これはたぶんルーナとアムに対して言ったセリフなんだろうけど、何となくT3のことのようにも思えました。今回三人はそれぞれ自分の思いをあらわにして、それが必ずしも自分の都合のいいようなものでもなくても相手の純粋な意見として受け入れて、それを踏まえたうえでチームとして同じ方向を向くことができる。

友情はお互いの主張を認め合うこと。だから意見が違っても三人の友情はこれくらいじゃびくともしない。
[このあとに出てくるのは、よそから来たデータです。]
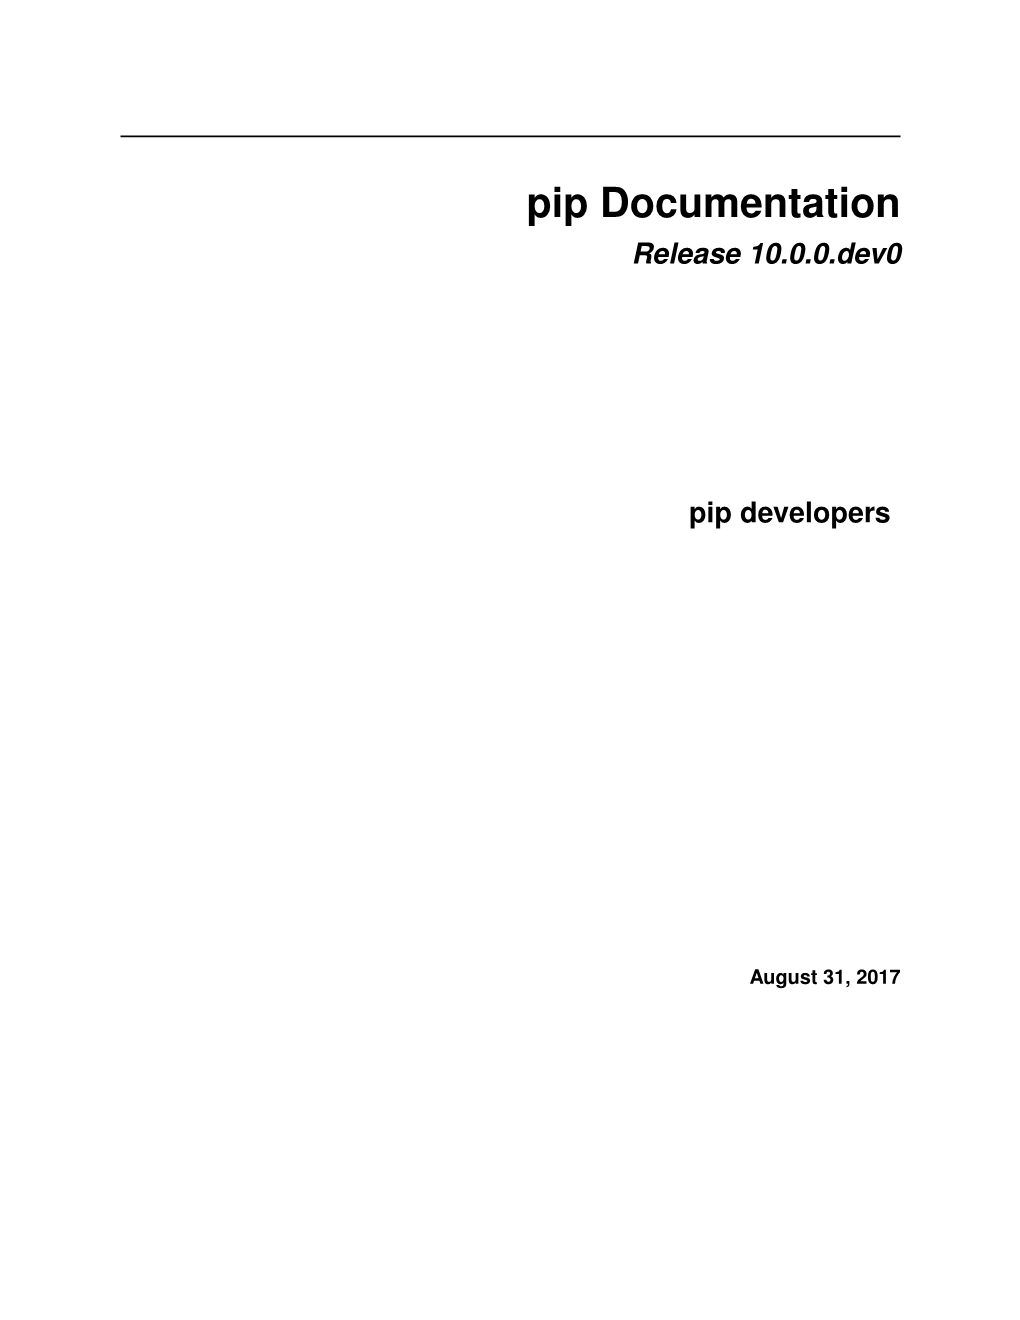 Pip Documentation Release 10.0.0.Dev0

自分の意見や考えはちゃんと持っていて、それをまっすぐにぶつけて、それでも尚チームとして一緒の方向を向けるトライスリーのコミュ力の高さに恐れおののく。

 

 

あの時見られなかった景色を今僕たちは見ている

バーベキューして、ファイトして、そして夜に海辺に並んで横になって夜空を見上げながらお互いの将来の夢を語り合う…青春すぎる…

 

「そういえば三人で海に行ったことあったね」
「流星群が見せたいってクロノがね、だけど結局星は見られなくって」
「でも花火は見れた」

 

昔を懐かしむように語りだす三人。あんなに人を寄せ付けず、関わりを避けていたクロノが、ファイトに負けて落ち込んでいるシオンとトコハを励ますために海に連れていって曇天の中、色々と頑張っていた言わずと知れたあの神回のことです。当時も「あの一匹狼だったクロノが…」と胸がいっぱいだったんですが、思えば本当に懐かしい。

 

「あの時見られなかった景色を今僕たちは見ている」

 

そしてこっちが感傷に浸っているときにこういうセリフをぶっこんでくるからもうずるいですよね。

 

あの時まだT3の関係はぎくしゃくしていて、チームとは言い難い面も多くあって…今も完全とは言えないし、それぞれ三人とも大きな環境の変化もあった。けれどちゃんと前には進めている。あの時見えなかった景色を、今、この三人で見ることが出来ている。それは大きな財産だと思います。トライスリーは本当、成長したよ…。

 

 

37話、文字通りの神回でした。T3にもタイヨウにもハイメにも、カムイにもミサキさんにも光しか感じない。おそまつさまでした。

 

 

追記:死ぬほど偉そうな態度でベンチにふんぞり返りつつも、真っ先に伊吹の心配をして、ストライドフォースの塊の在りかが宇宙にあるのを「若干の問題」と表現し、さらに「宇宙」を「そら」と言う厨二っぷりを見て、櫂トシキはGでも櫂トシキだなぁとそっちもいろんな意味で安心したのでした。